## REQUIRED WORK
Could you repeat the entries below exactly, but only from the line with "Birthday Mohammad Kaif" through the line with "Thank you for", and without any picture?

BEGIN DATA

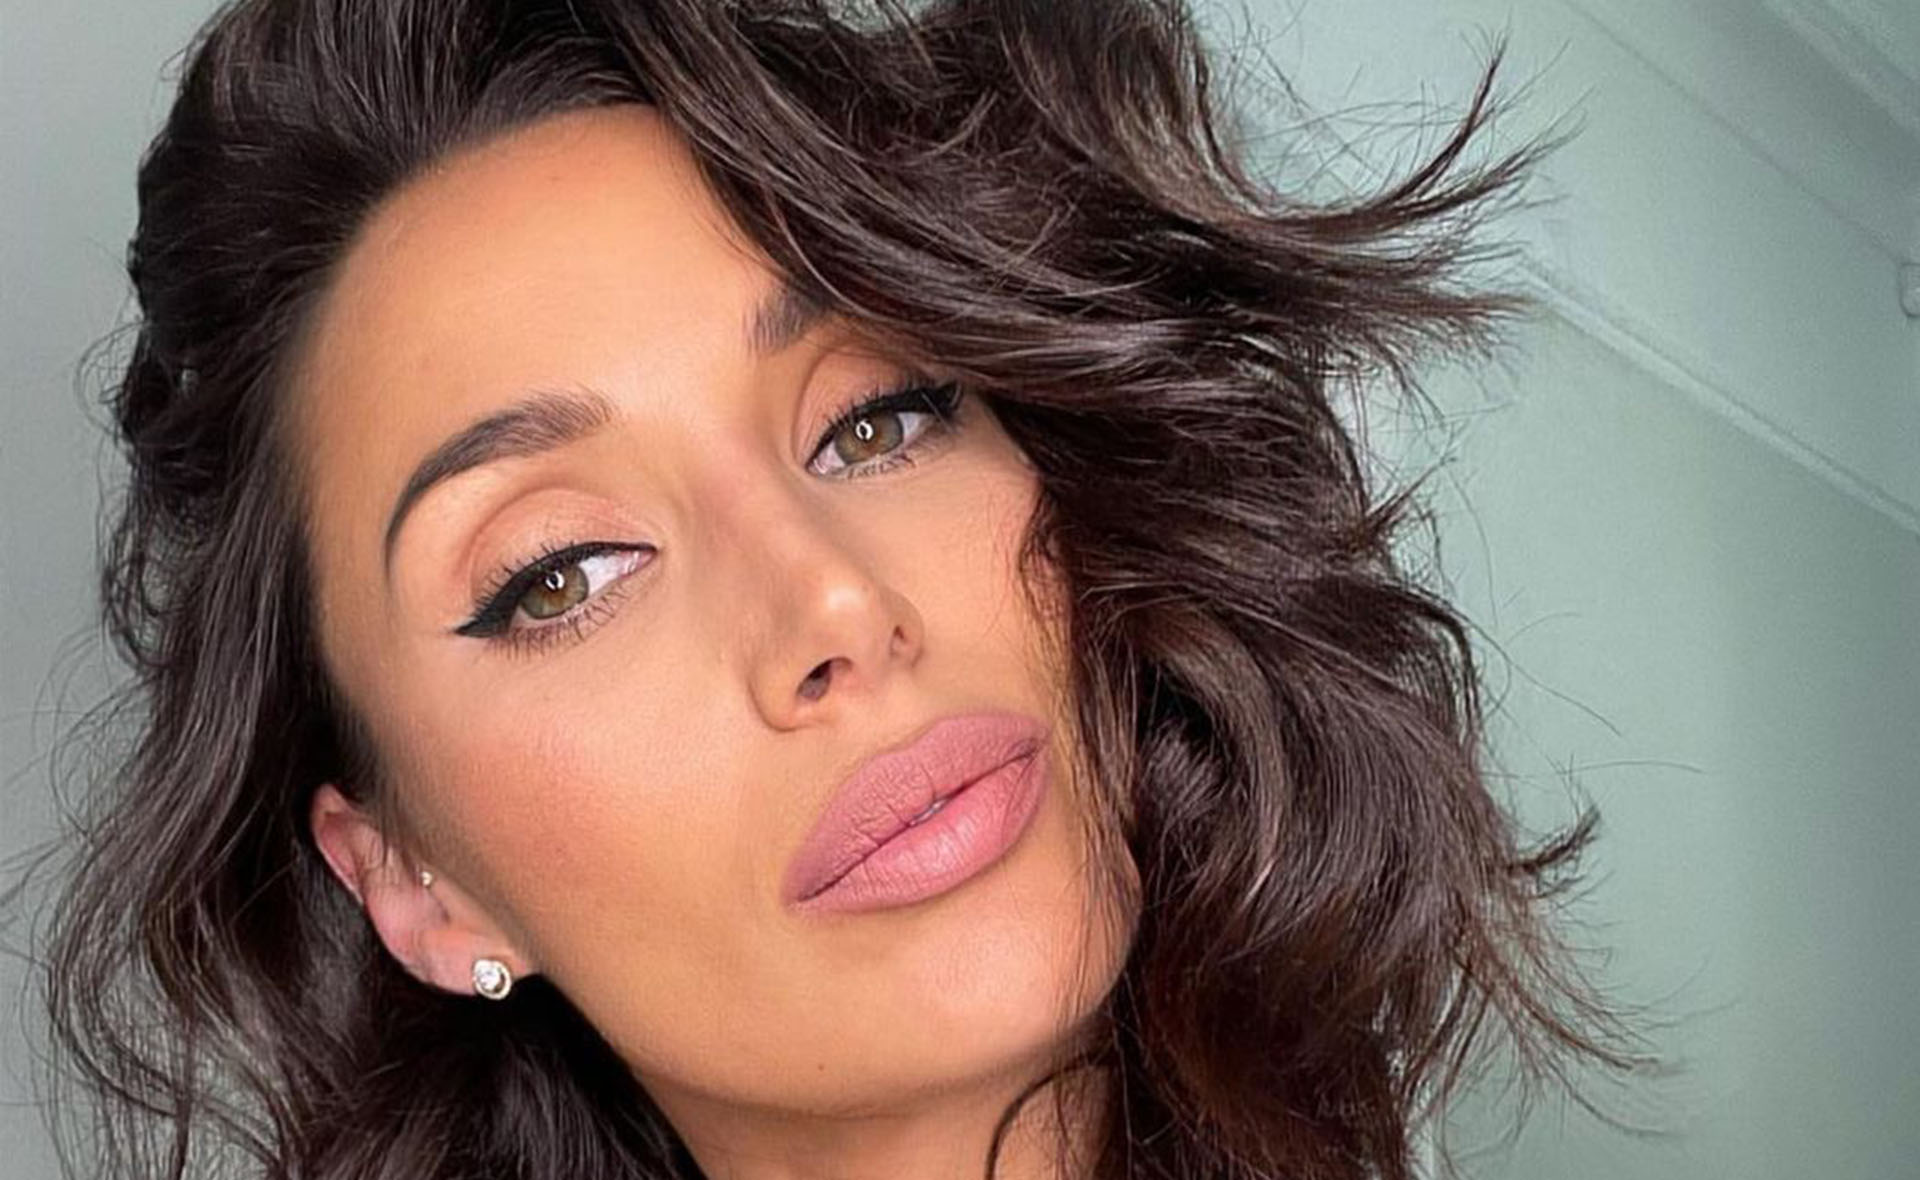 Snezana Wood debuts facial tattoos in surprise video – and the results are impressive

END DATA
BEGIN DATA

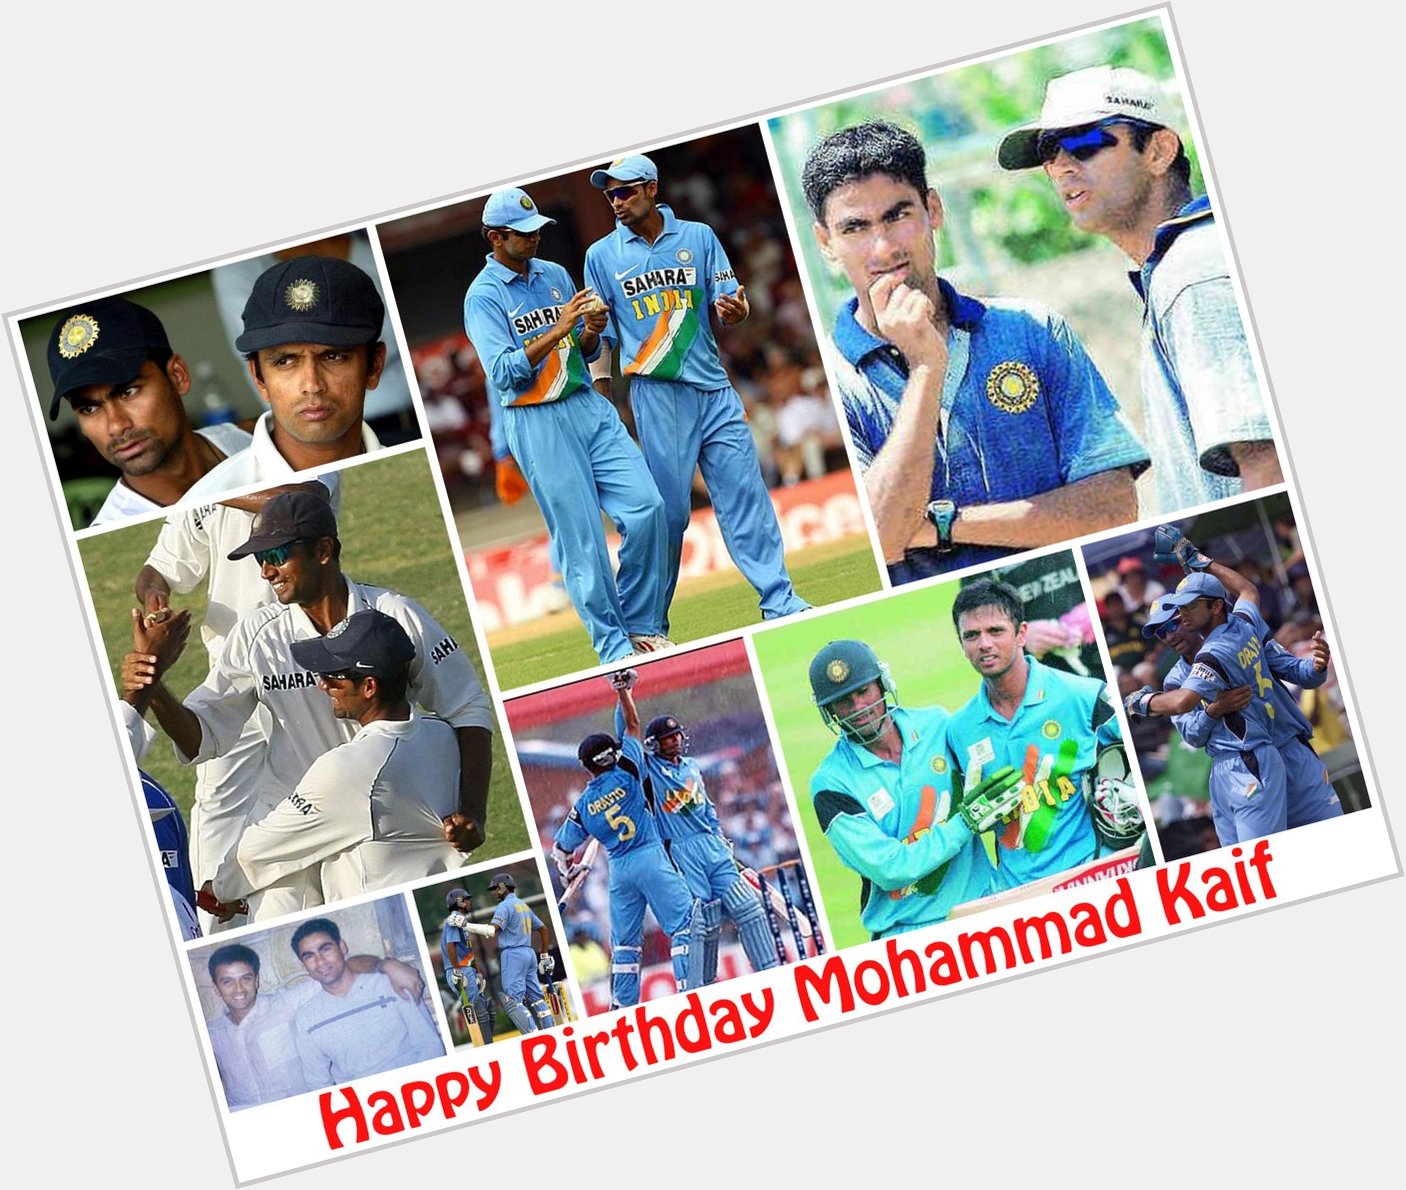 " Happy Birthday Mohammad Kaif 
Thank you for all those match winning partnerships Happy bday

END DATA

## EXERCISE RESULT
 " Happy Birthday Mohammad Kaif 
Thank you for all those match winning partnerships Happy bday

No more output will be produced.